— The data —
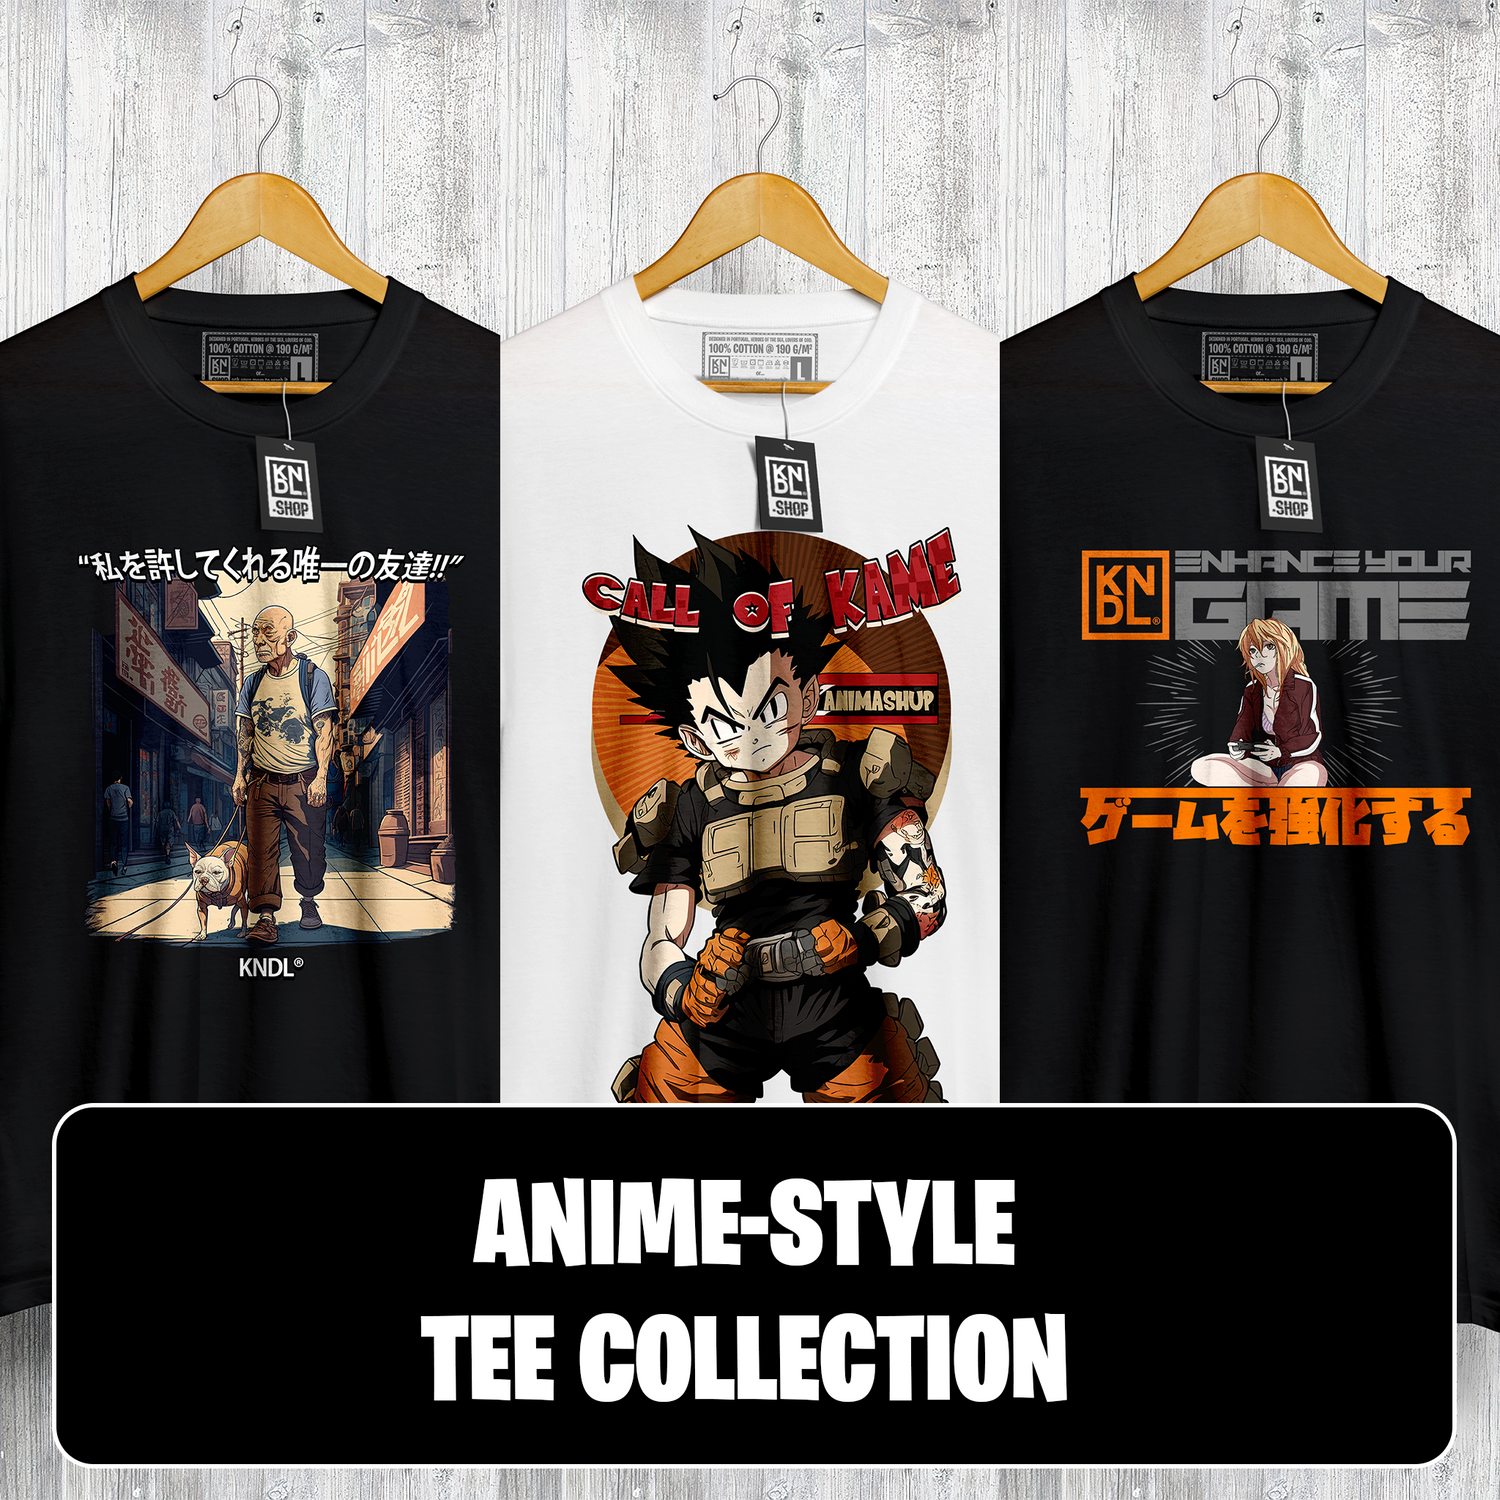 Anime-Style Tee Collection by KNDL®
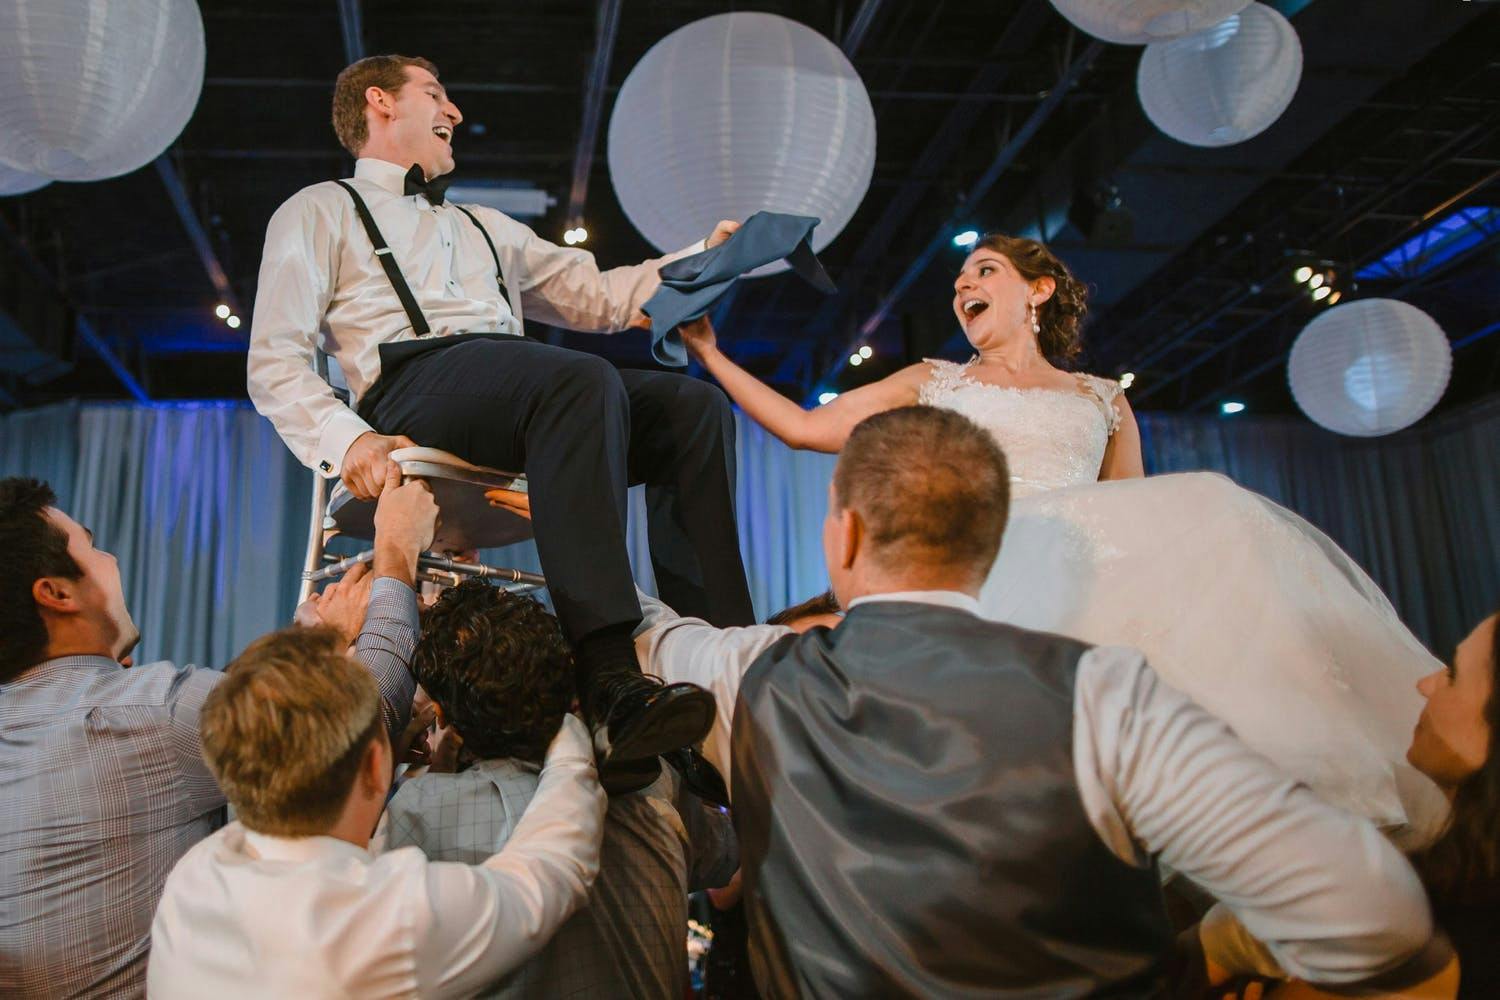 Wedding Hora With Bride and Groom Lifted into the Air Underneath White Globed Paper Lanterns | Partyslate
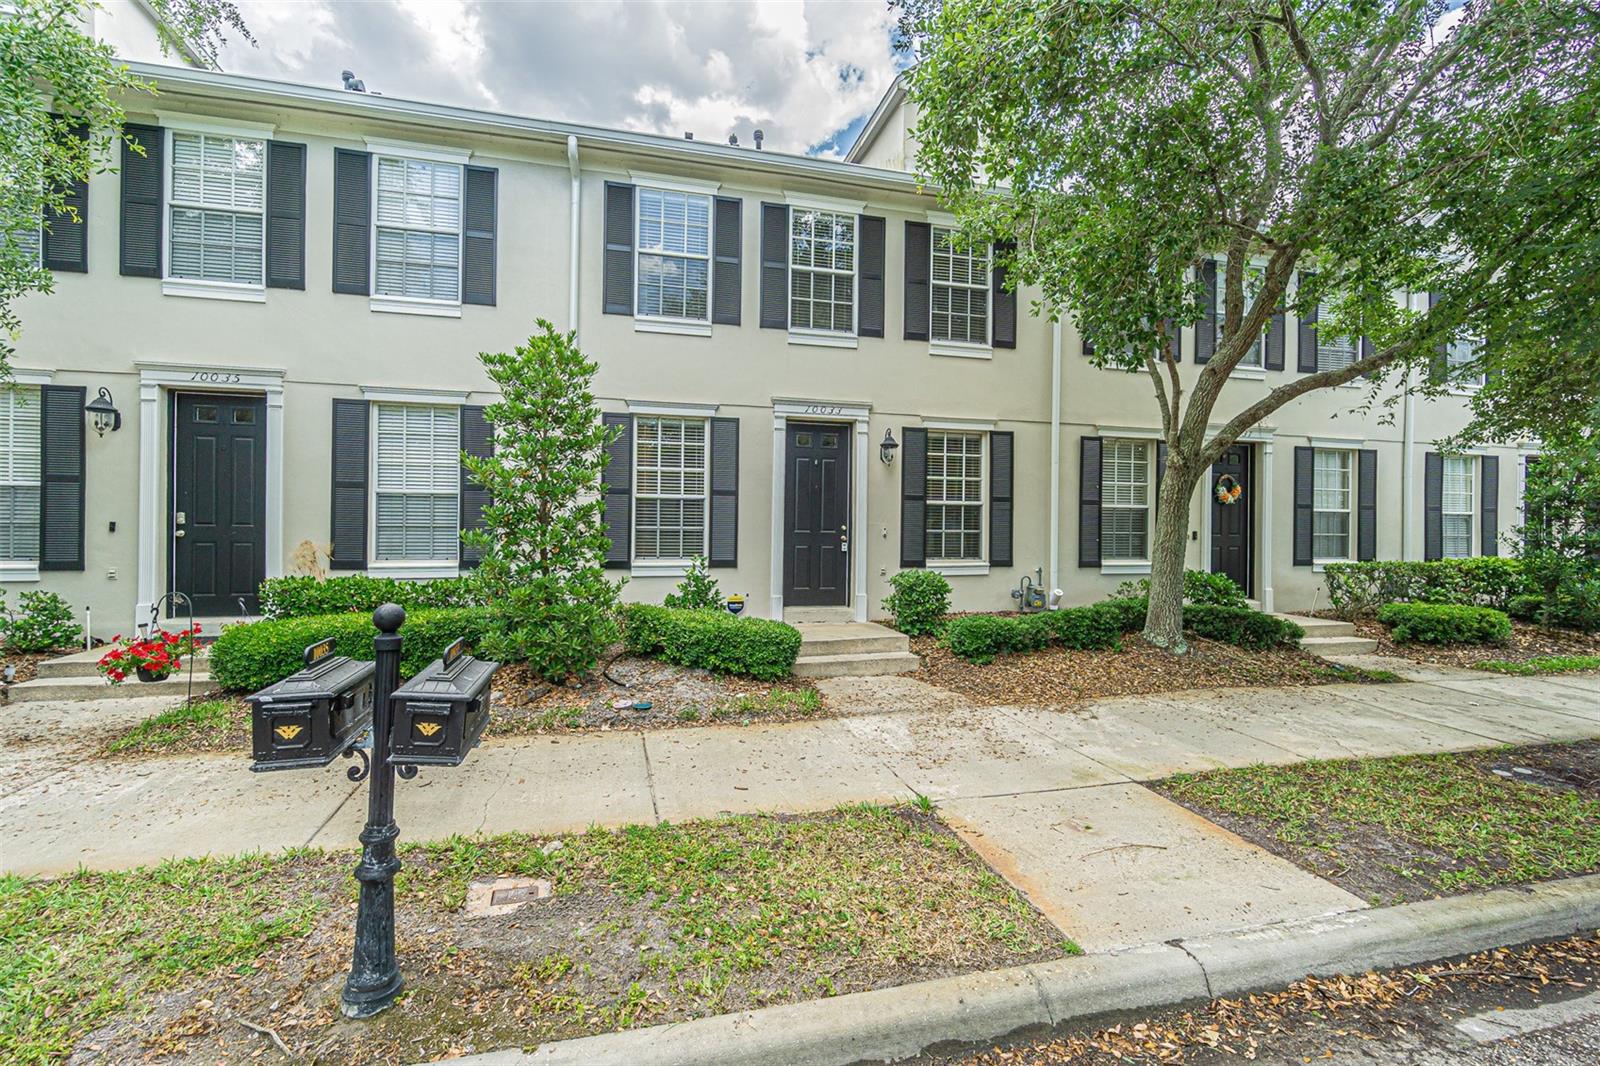 View TAMPA, FL 33626 townhome
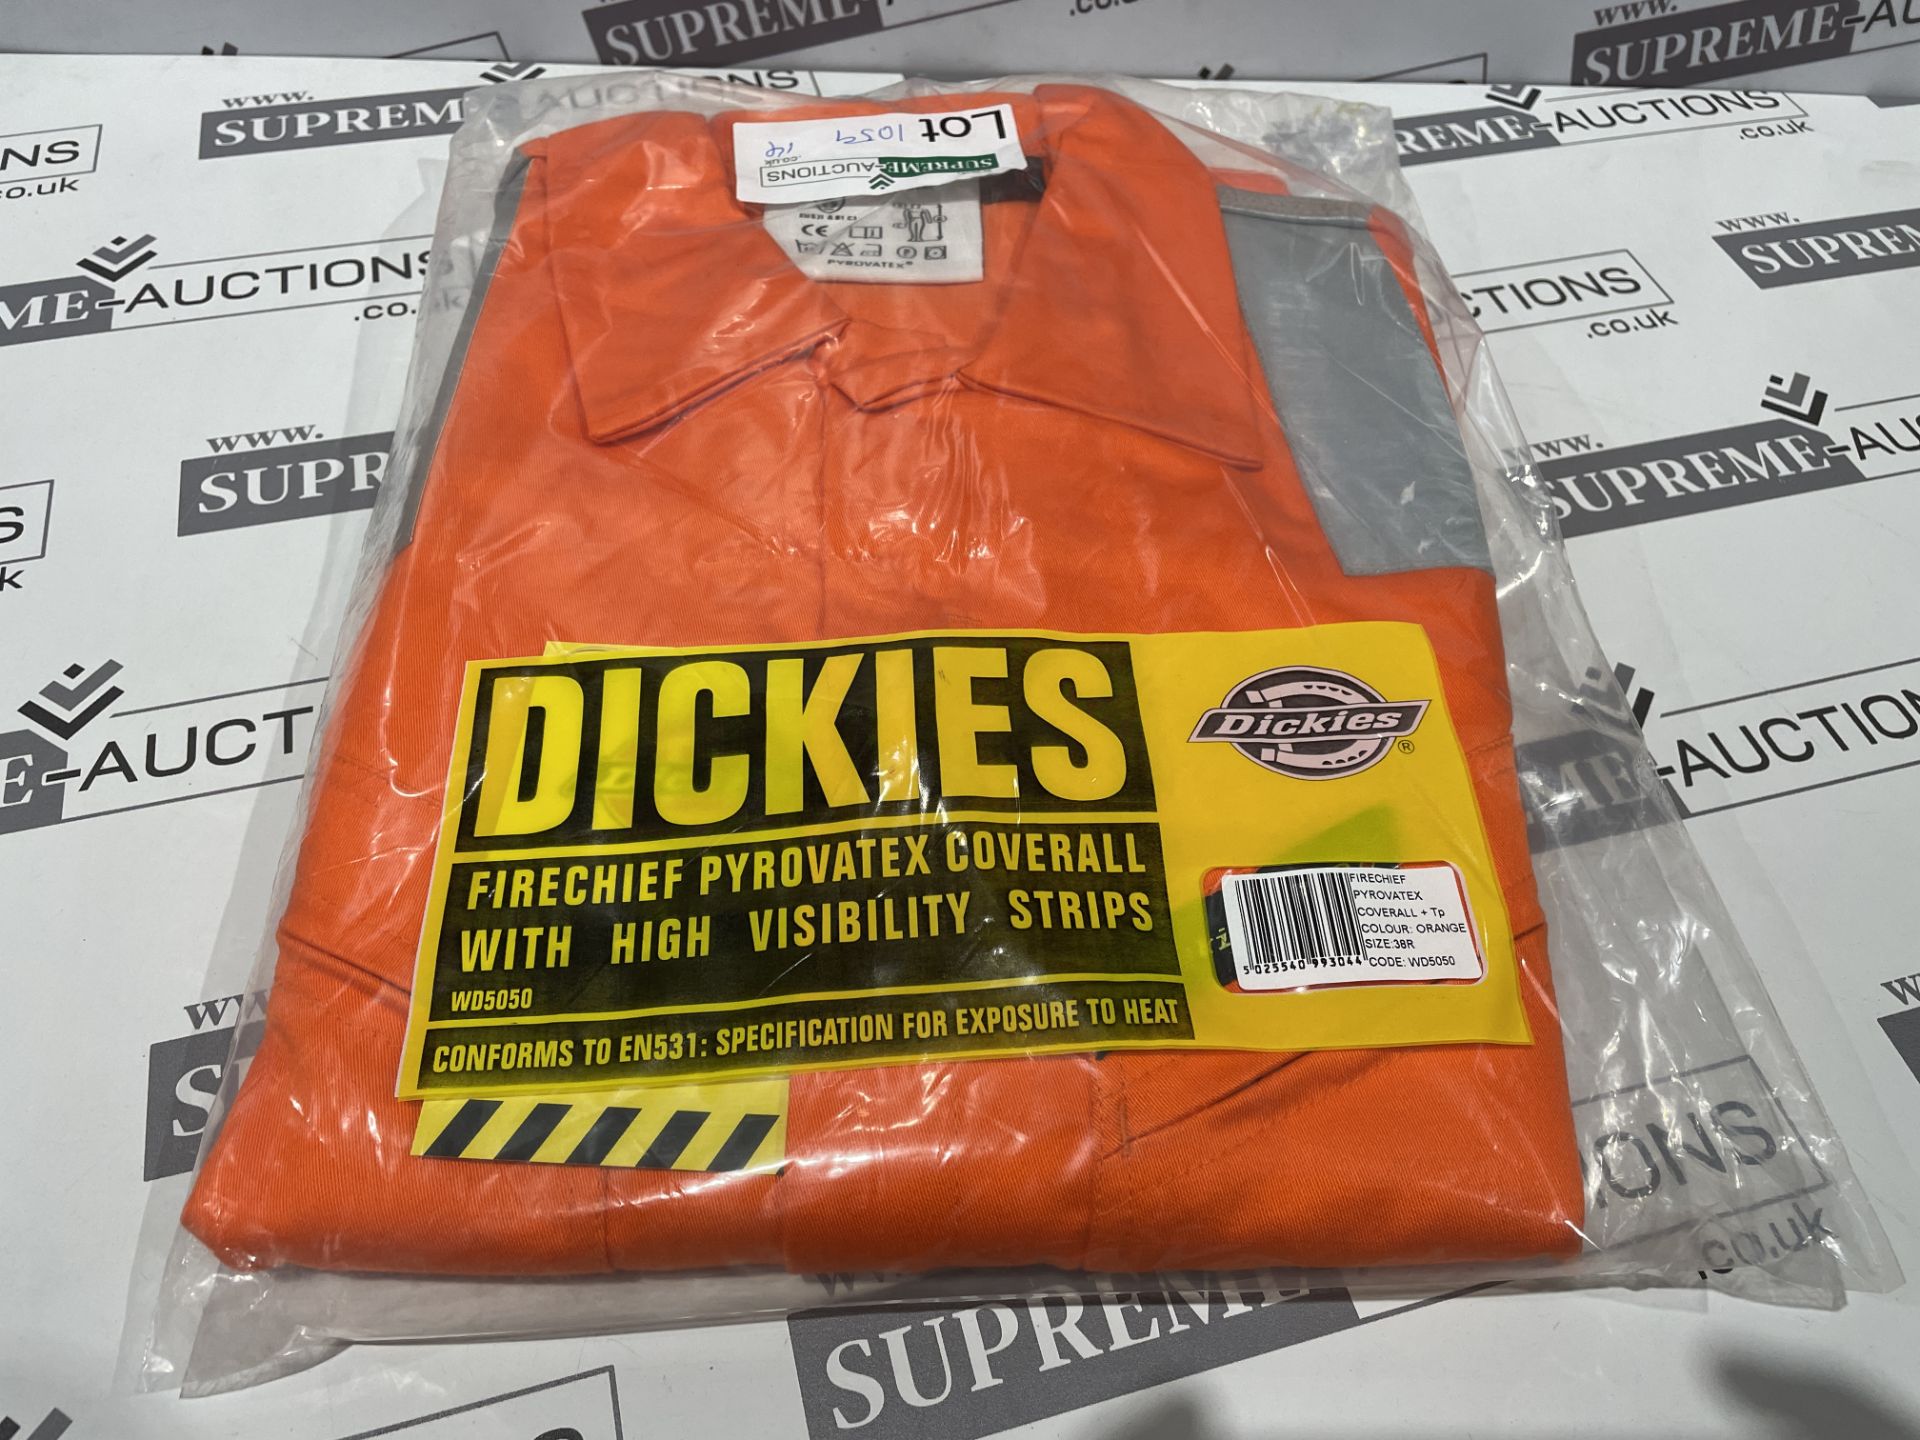 3 X BRAND NEW DICKIES FIRECHIEF ANTI STATIC COVERALLS SIZE 38R S1-3

— Exercise prompt —
In your reply, please print exactly the lines from the one with "View TAMPA, FL 33626 townhome" through the final line of the listing above, both included, and no pictures.

— Task answer —
 View TAMPA, FL 33626 townhome
 3 X BRAND NEW DICKIES FIRECHIEF ANTI STATIC COVERALLS SIZE 38R S1-3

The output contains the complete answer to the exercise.